PAICV se posiciona sobre os dados do desemprego divulgado pelo INE

O PAICV constata que a ausência de reformas e políticas ineficazes estão a destruir empregos em Cabo Verde.

Os recentes dados sobre o emprego, no País, divulgados hoje pelo INE, põem a nu o fracasso das políticas deste Governo em matéria do emprego, particularmente em relação à Juventude que acreditou na promessa da criação de 45 mil postos de trabalho, sendo 9 mil por ano.

Com efeito, os dados acabados de divulgar apontam para:

• Destruição de 8.775 postos de trabalho, somados a mais 6.000 do ano passado;

• Redução de taxa de ocupação de 51,9%, para 48,8%;

• Cerca de 29 mil jovens, com idade entre os 15-34, que não trabalham nem frequentam qualquer estabelecimento de ensino ou formação, sendo que nesta faixa etária está concentrada a maior força de trabalho.

O PAICV constata que o desemprego aumentou, mesmo nas Ilhas do Sal e da Boavista, onde nos anos anteriores havia mais facilidades de emprego.

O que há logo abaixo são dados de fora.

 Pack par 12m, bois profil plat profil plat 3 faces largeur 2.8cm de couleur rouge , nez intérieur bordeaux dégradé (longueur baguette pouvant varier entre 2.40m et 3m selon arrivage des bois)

Uma leitura atenta dos dados do INE mostra que foram criados, apenas, 1.396 postos de trabalho. Basta fazer a diferença entre a população desempregada em 2017 e em 2018.

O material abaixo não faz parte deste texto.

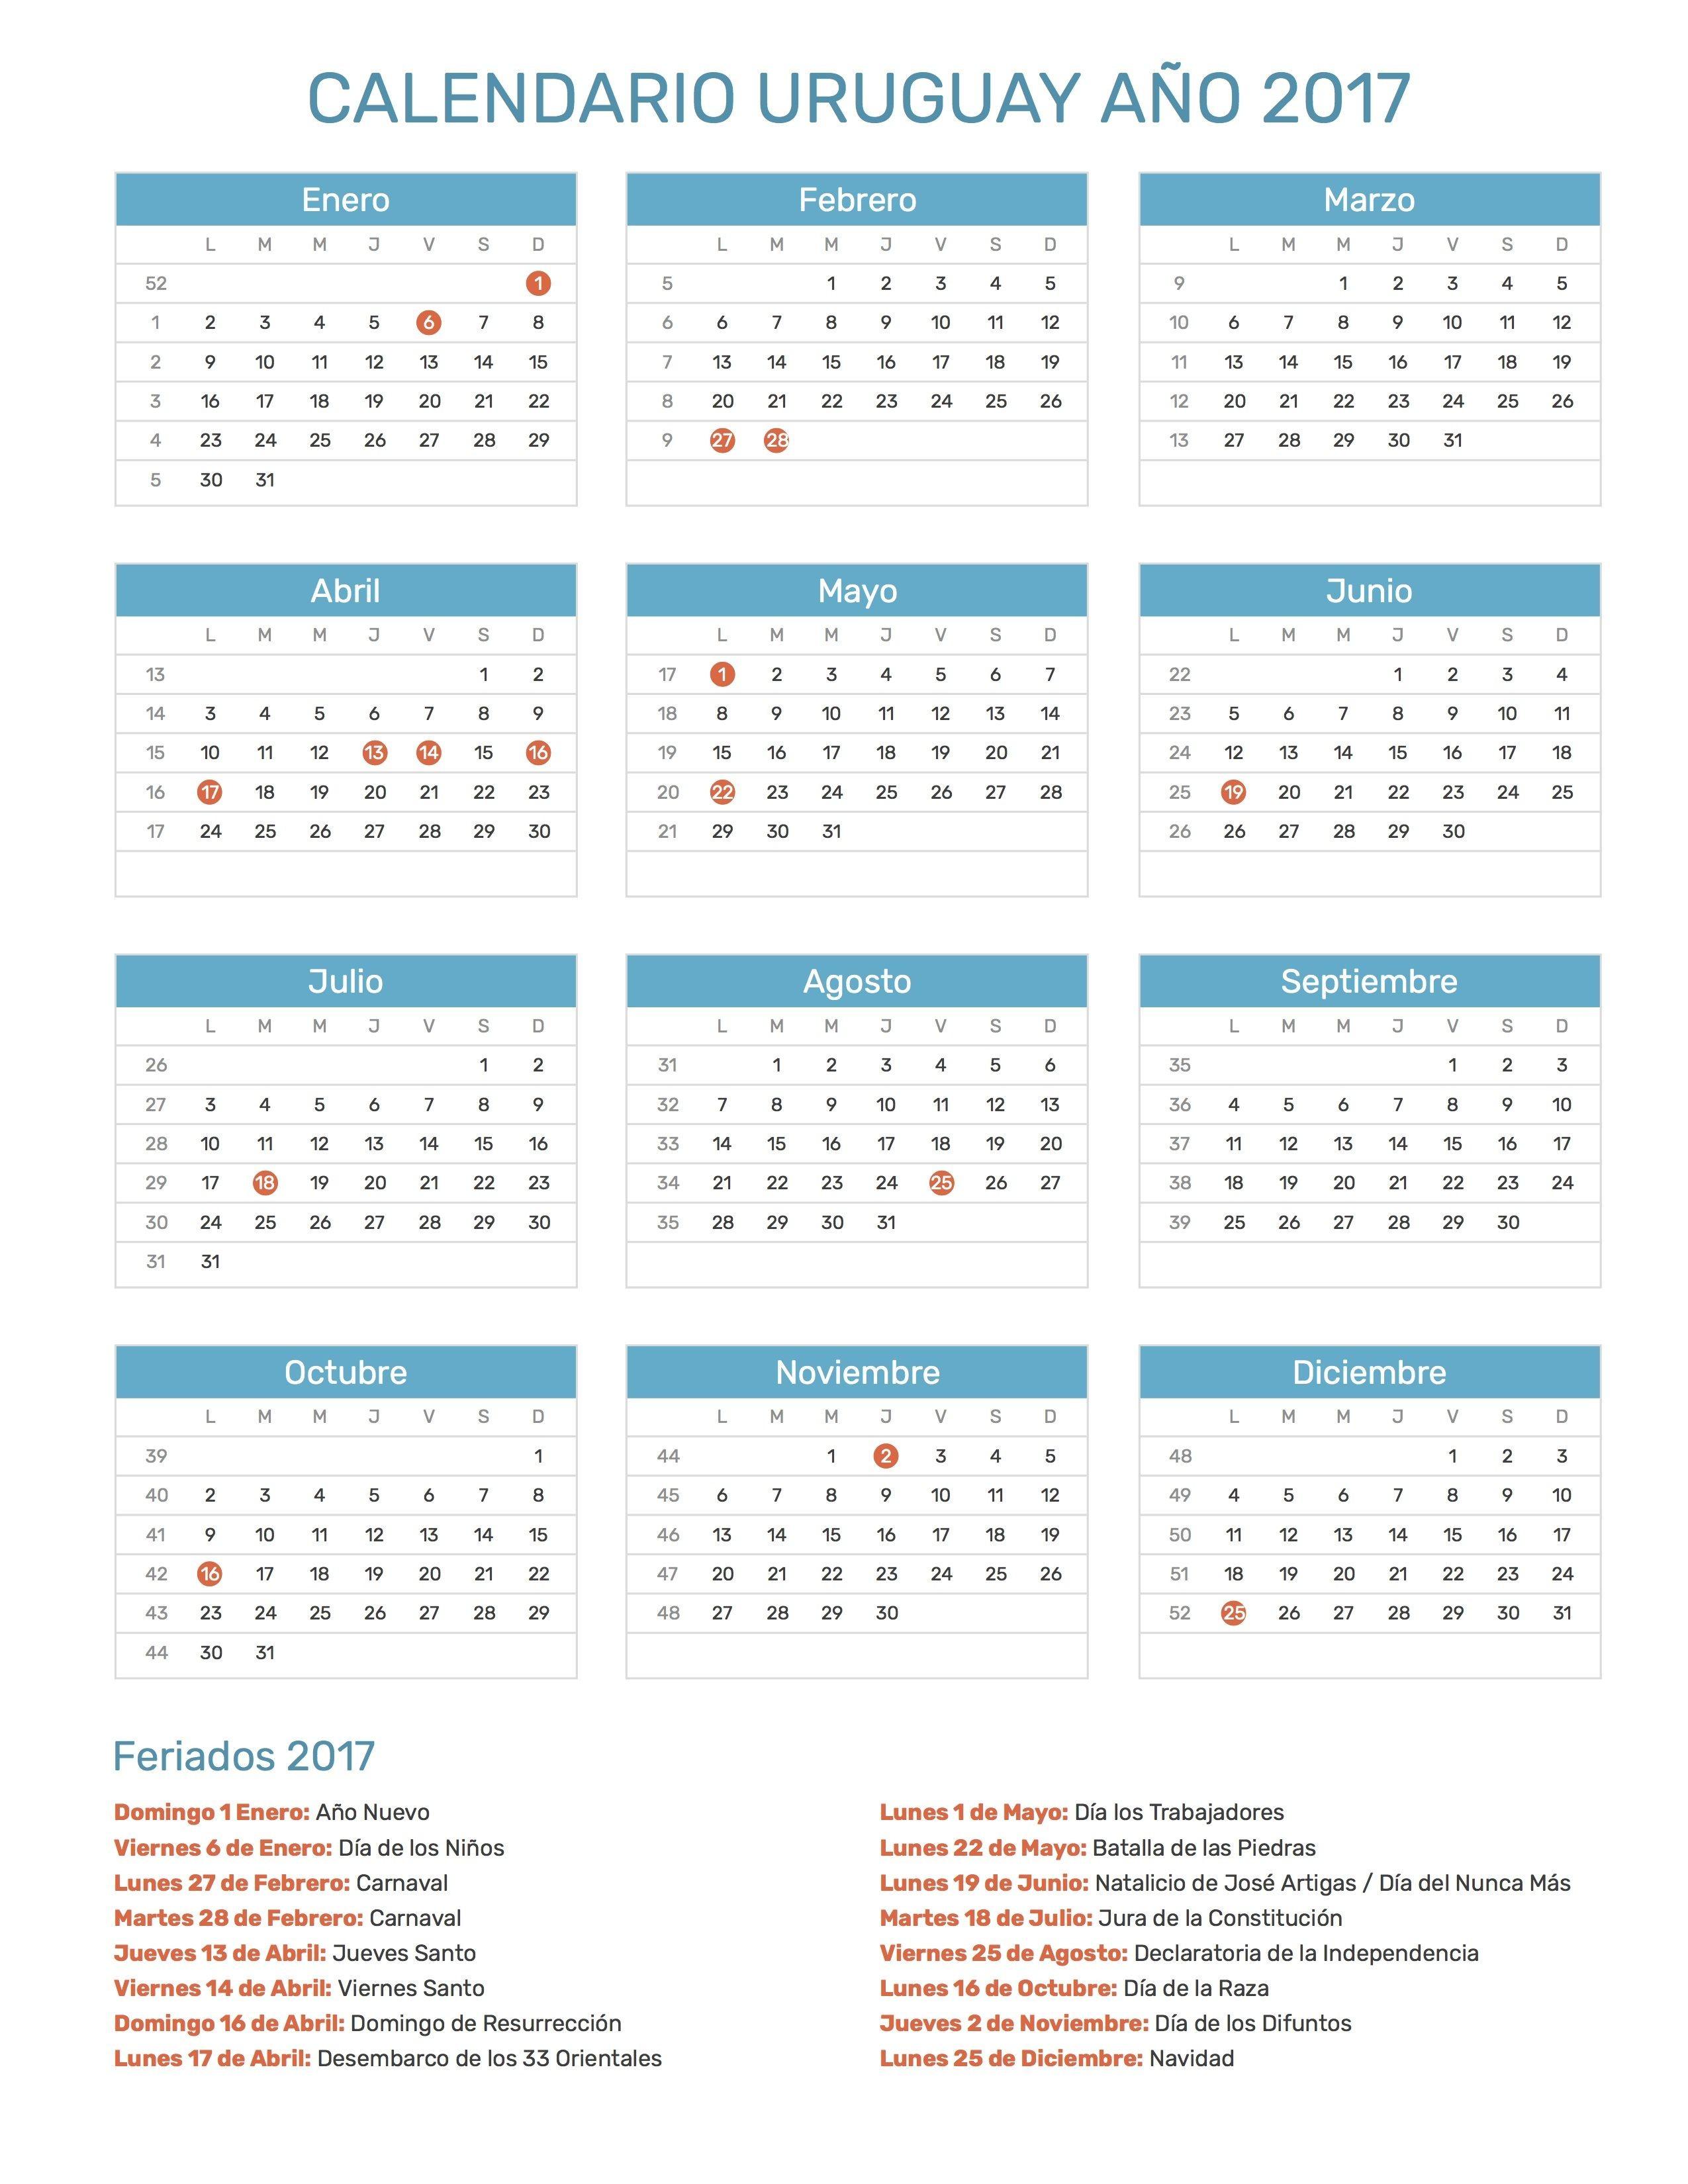 Calendario 2019 Con Festivos En Colombia Más Caliente Pin De Calendario Hispano En Calendario Con Feriados A±o 2017 Of Calendario 2019 Con Festivos En Colombia Más Reciente Evaluar Calendario 2019 Con Sus Feriados

Mas em Cabo Verde há fenómenos que precisam ser esclarecidos, senão estudados:

• Como entender uma economia a crescer, conforme se propala, e a destruição de 9.000 postos de trabalho?

• Temos mais empresas no País e a taxa de actividade cai de 59,2%, para 55,6%.

Os dados indicam também que, em 2018, tivemos mais desemprego nos Concelhos da Praia, de São Vicente e de Santa Cruz.

O desinvestimento no Sector Primário, particularmente na Agricultura, é visível com o desemprego a aumentar em mais 4.798 pessoas no meio rural.

Os resultados estimam um aumento da população inactiva (os desanimados) em mais 17.403, que somado aos 19.690, de 2017, perfazem um total de 37 mil pessoas, que já não têm esperança de encontrar emprego.

Aliás, o País conta, neste momento, com 44,4% de população inactiva, ou seja, os que não participam em qualquer actividade económica, sinal preocupante para qualquer economia.

O nível de confiança económica, que tantas vezes vem sendo badalado, não atingiu os trabalhadores deste País.
Sendo assim, não tem razão o Senhor Primeiro Ministro quando justifica o aumento do emprego com o número de inscrições no INPS. O que tem acontecido, neste caso, é a inscrição das pessoas que já trabalhavam e que não estavam inscritas na Previdência Social.

Esses dados mostram, claramente, que as políticas do governo precisam ser repensadas, sendo preciso passar dos discursos à prática no tocante à criação de empregos.

Já é altura de o governo deixar de promessas e de marketing e partir para a acção, pois os cabo-verdianos querem as soluções prometidas!